The data mining process is so smooth that we could not recognize at all, which seem to be well-structured not disturbing our internet exploring, but it means they do not allow us to simply look at it. Looking backward, I could not tell the exact time when I started to realize the fact that every clicks I have done had been collected, recorded, and analyzed by someone I’ve never knew before, and I’ll never know in my entire life. I remember that I was frightened when noticed an advertisement of a clothing brand in google webpage that I visited just few minutes ago. And the advertisement started to pop up every page I go since that day I visited. A very similar process has been happening in Youtube as well. It tracks my online movements and stores data about videos I’ve watched. Afterwards, when I enter the first youtube page, it shows lists of videos that I’ve clicked even once, or videos that I might want to watch without asking me.

At first, I regarded its purpose to be a sort of user centered system that shows exact products and services that I am interested in. Then I started to have serious reservations about their purposes. What are they doing and what have they done with this customized advertisement and contents? I have no recollection of allowing them to track my movements or to show me my internet history straightforwardly. In “Weapons of Math Destruction”, Cathy O’Neil mentioned,

Like gods, these mathematical models were opaque, their workings invisible to all but the highest priests in their domain: mathematicians and computer scientist.

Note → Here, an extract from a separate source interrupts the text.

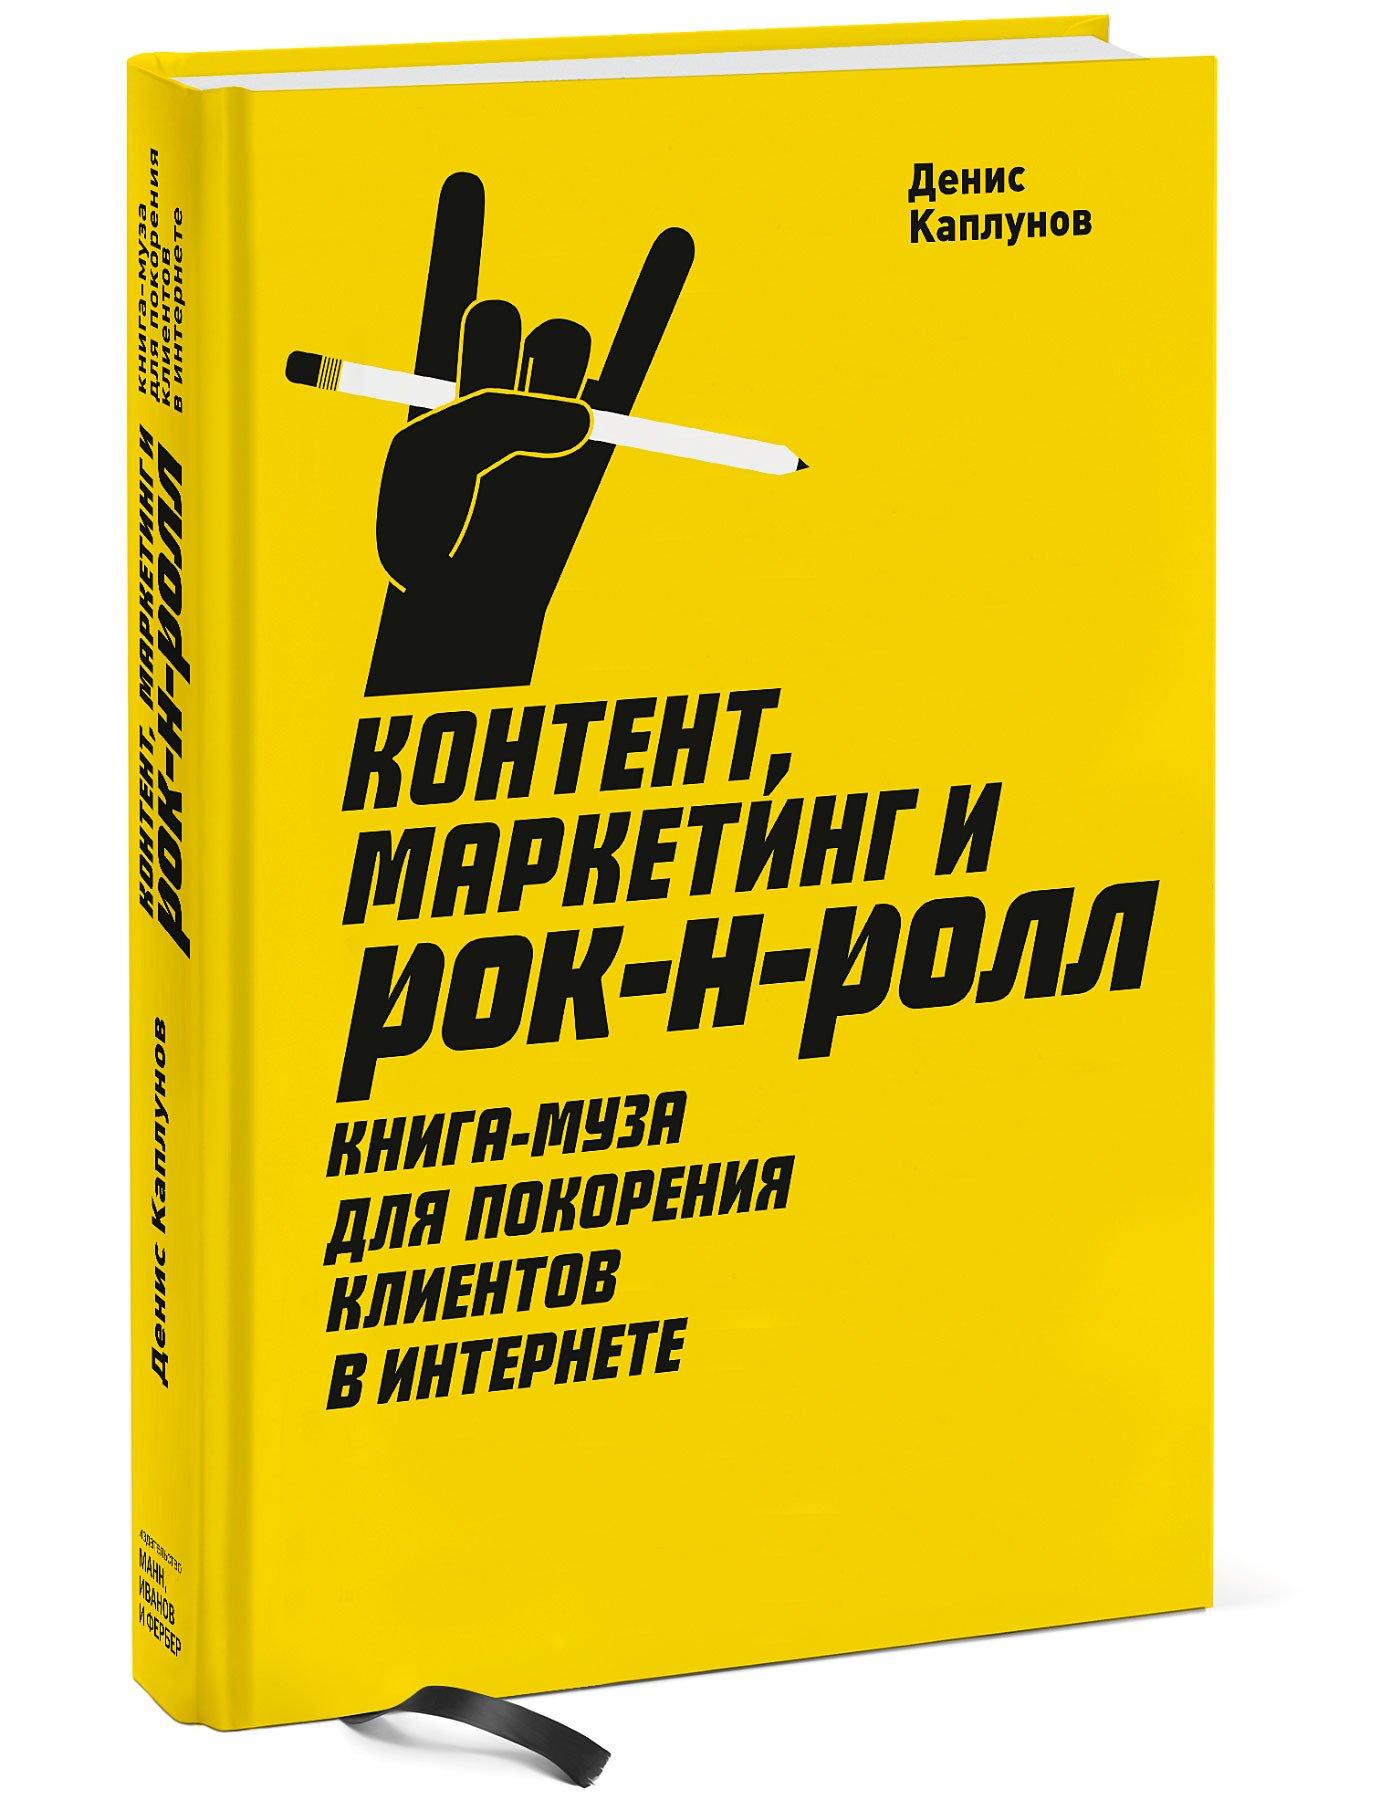 Контент, Маркетинг и рок-н-ролл (новая обложка) ( Каплунов Денис Александрович  )
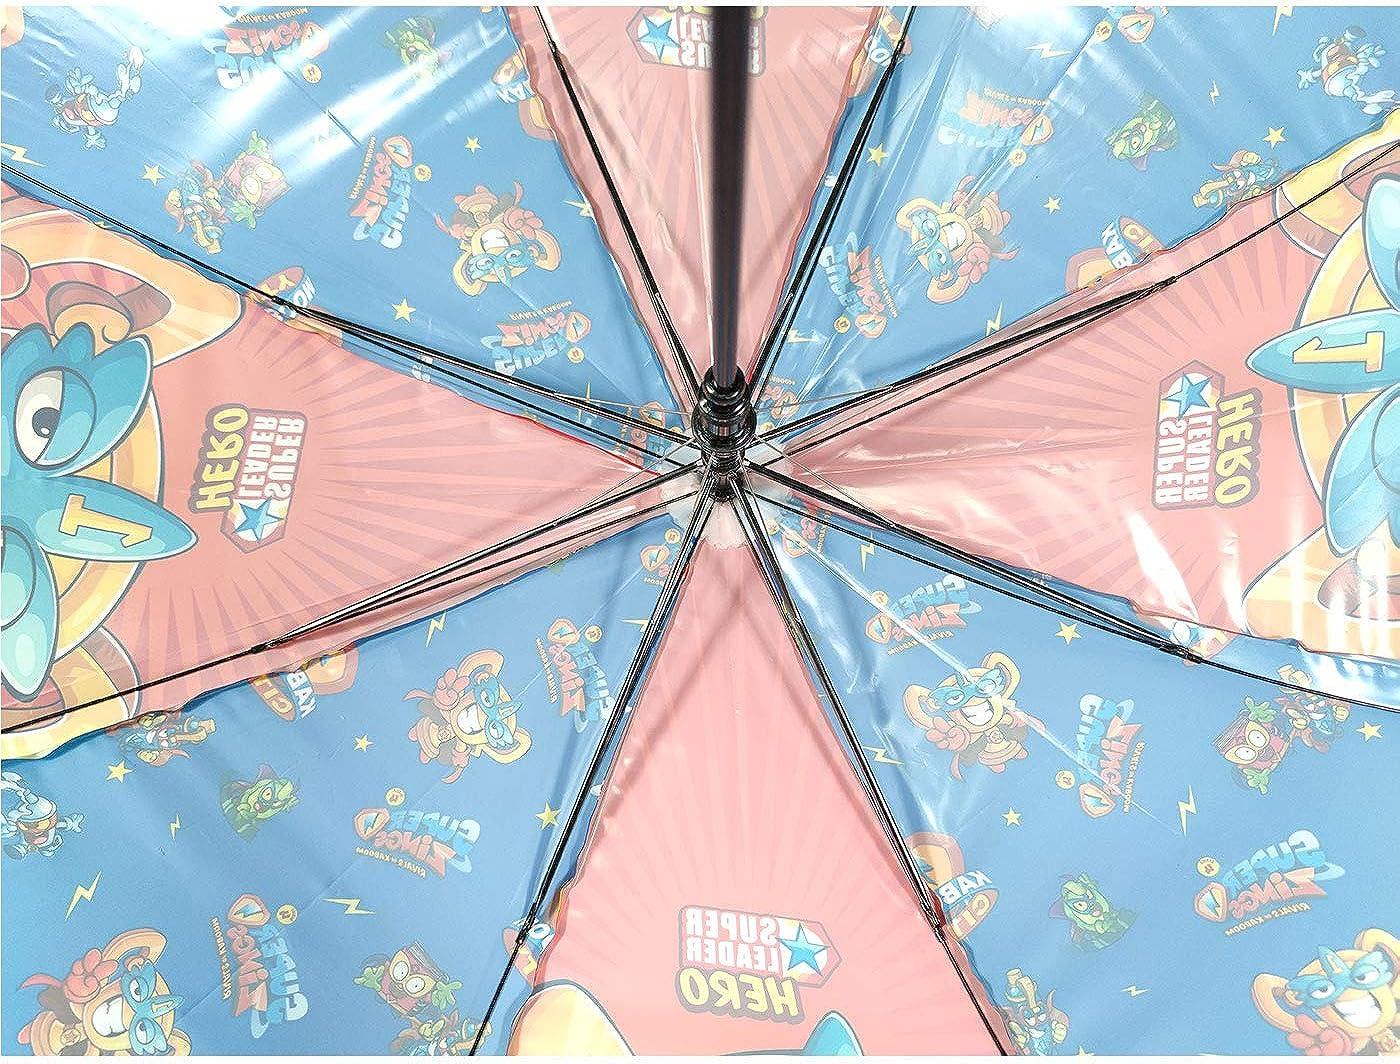 68 cm Blue Superzings Automatic Childrens Umbrella Superthings Secret Spies Children/'s Umbrella

How come they are making the process opaque thus making themselves the only rulers of the domain of data mining? Is it our share of being embarrassed when our private history is unexpectedly exposed to other people next to us? As one of tons of online users, how far should I allow them to collect and exploit my data?

I am a type of user sees the power of data mining but with no direct effects, since it has no relation with my livelihood. All I am doing is trying not to leave much of traces on the internet. But how about the others whose life is deeply involved in data mining? Cathy O’Neil introduces an instructor whose living was largely affected by not only inconsiderate data analyst but algorithm which is even not human being. Sarah Wysocki, a school teacher with outstanding capability and reviews from her principal and her students’ parents, got stuck in a big flaw of scoring system. The story revealed a huge weakness of the system but statisticians chose to rely on numbers instead. It is miserable that we are somehow evaluated and ruled by numerical algorithm system. No sense of humanity we could find in it at all, nor even those highest priests who manage and manipulate the system are losing humanity and counting too much on it believing it as flawless.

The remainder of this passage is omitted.